Die wichtigste Kaufentscheidung ist nicht Marke oder Preis, sondern die Übereinstimmung von Akku-Kapazität und Rasenfläche. Drei Größenklassen sind sinnvoll: 18-Volt-Modelle für Rasenflächen bis 200 m², 36-Volt-Einzelakku-Modelle für 200 bis 600 m² und 36-Volt-Doppelakku-Modelle für 600 bis 1.500 m².

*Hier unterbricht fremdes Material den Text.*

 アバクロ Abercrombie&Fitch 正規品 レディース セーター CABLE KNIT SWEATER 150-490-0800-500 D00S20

Die 18-Volt-Klasse wiegt zwischen acht und 14 Kilogramm und schafft mit einer Akku-Ladung (typisch 4 Ah) etwa 150 bis 250 m². Sie kostet zwischen 120 und 280 Euro. Geeignet für Reihenhausgärten und Stadtbalkone mit Rasenmöglichkeiten.
Die 36-Volt-Einzelakku-Klasse ist die häufigste Wahl für Standard-Privatgärten. Bei 5 Ah Akku-Kapazität schaffen die Geräte 400 bis 600 m² pro Ladung. Gewicht 16 bis 22 Kilogramm, Preis 250 bis 600 Euro. Hier rangiert auch der Stiftung-Warentest-Sieger 2025.

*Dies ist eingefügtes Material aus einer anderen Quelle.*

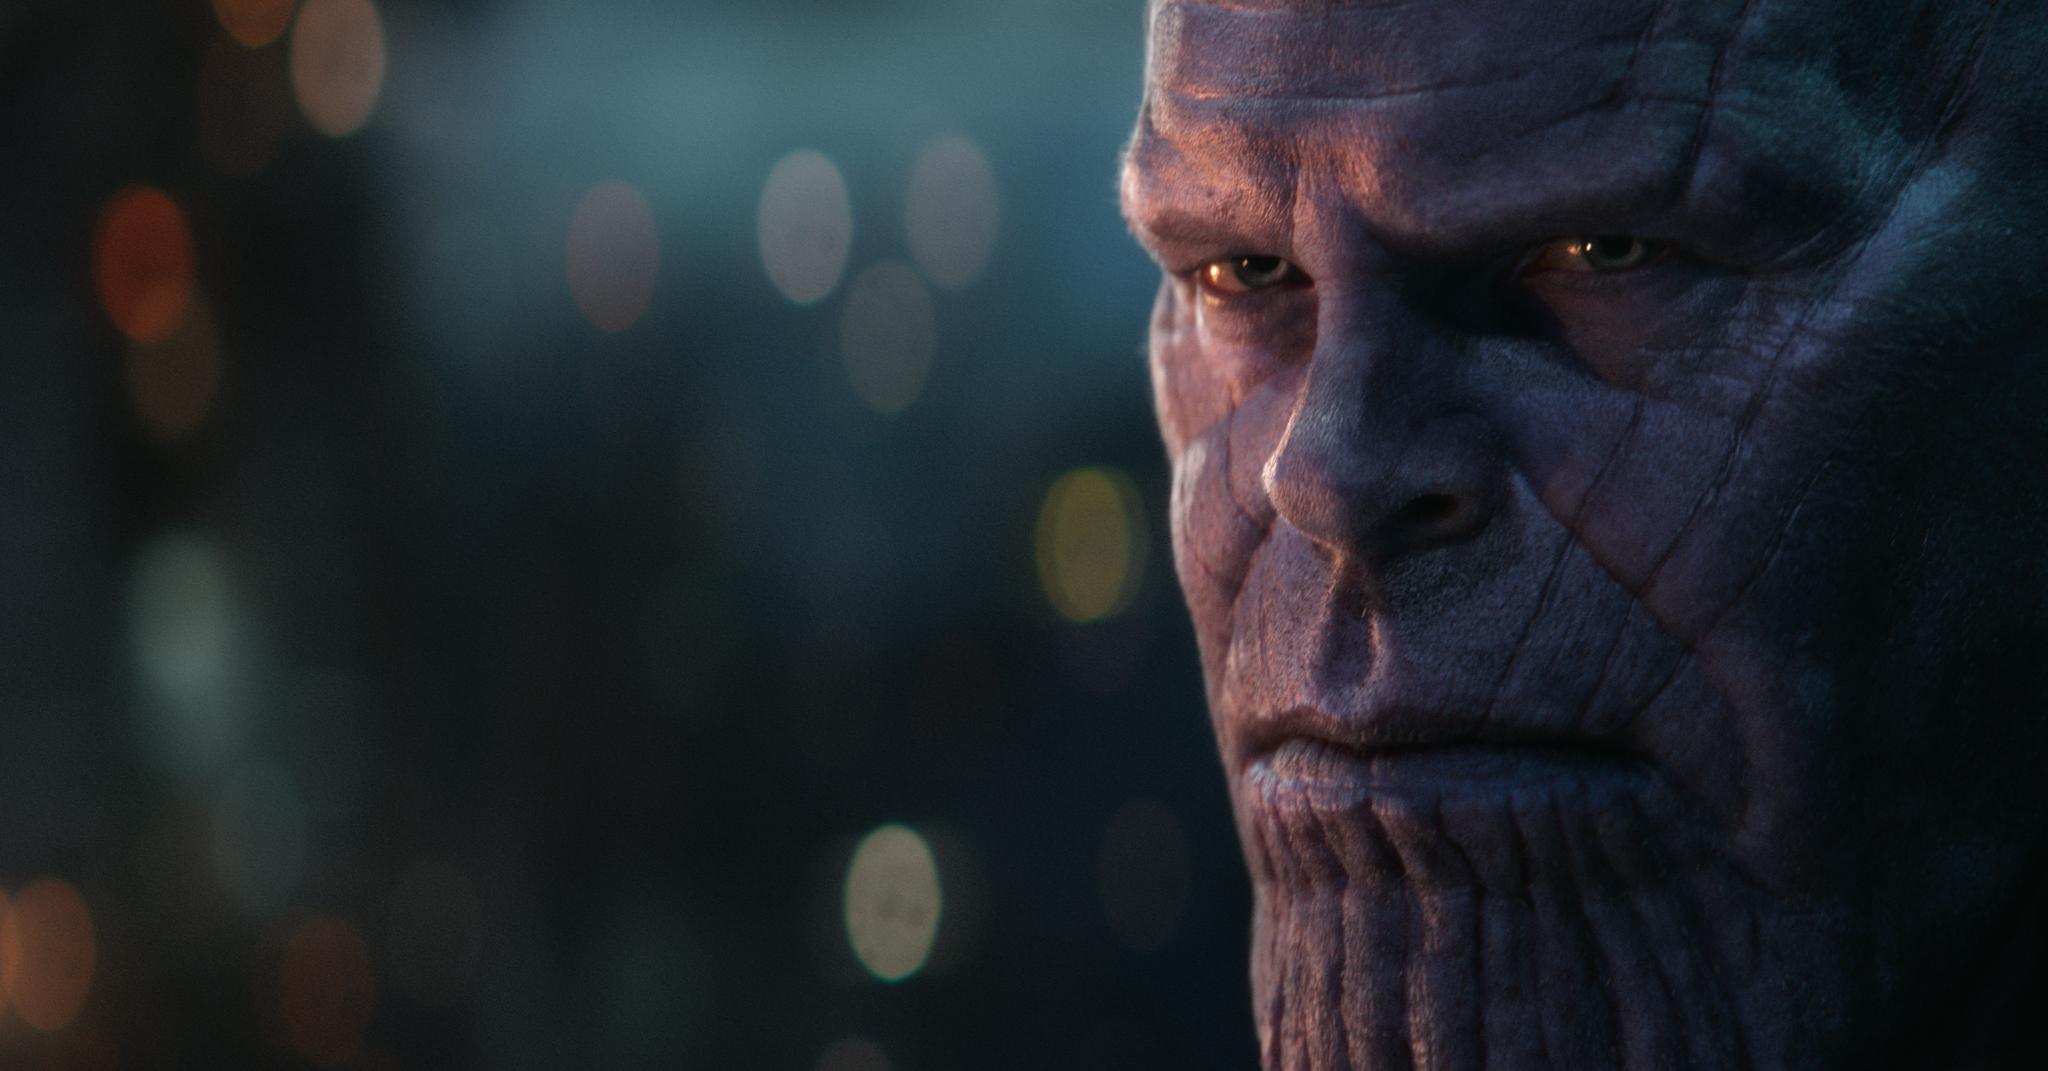 Por que três Guardiões da Galáxia sobreviveram ao ataque de Thanos?

Die 36-Volt-Doppelakku-Klasse mit zwei parallel arbeitenden Akkus (typisch 2x 4 Ah) verdoppelt die Flächenleistung. Diese Modelle haben fast immer Radantrieb und richten sich an Grundstücke ab 800 m². Preis 450 bis 1.200 Euro.
Welche Volt-Klasse passt zu meinem Garten?
Faustformel: Rasenfläche durch 100 teilen ergibt grob die nötigen Akku-Wattstunden. Ein 400 m²-Garten braucht etwa 200 Wh — bei 36 Volt entspricht das einem 5,5-Ah-Akku. Wer regelmäßig hohes oder feuchtes Gras mäht, sollte 30 bis 50 Prozent Reserve einplanen. Eine sinnvolle Ergänzung für die wöchentliche Außenarbeit ist ein Hochdruckreiniger für den Privatgebrauch — er übernimmt Terrasse, Auffahrt und Gartenmöbel ohne externen Dienstleister.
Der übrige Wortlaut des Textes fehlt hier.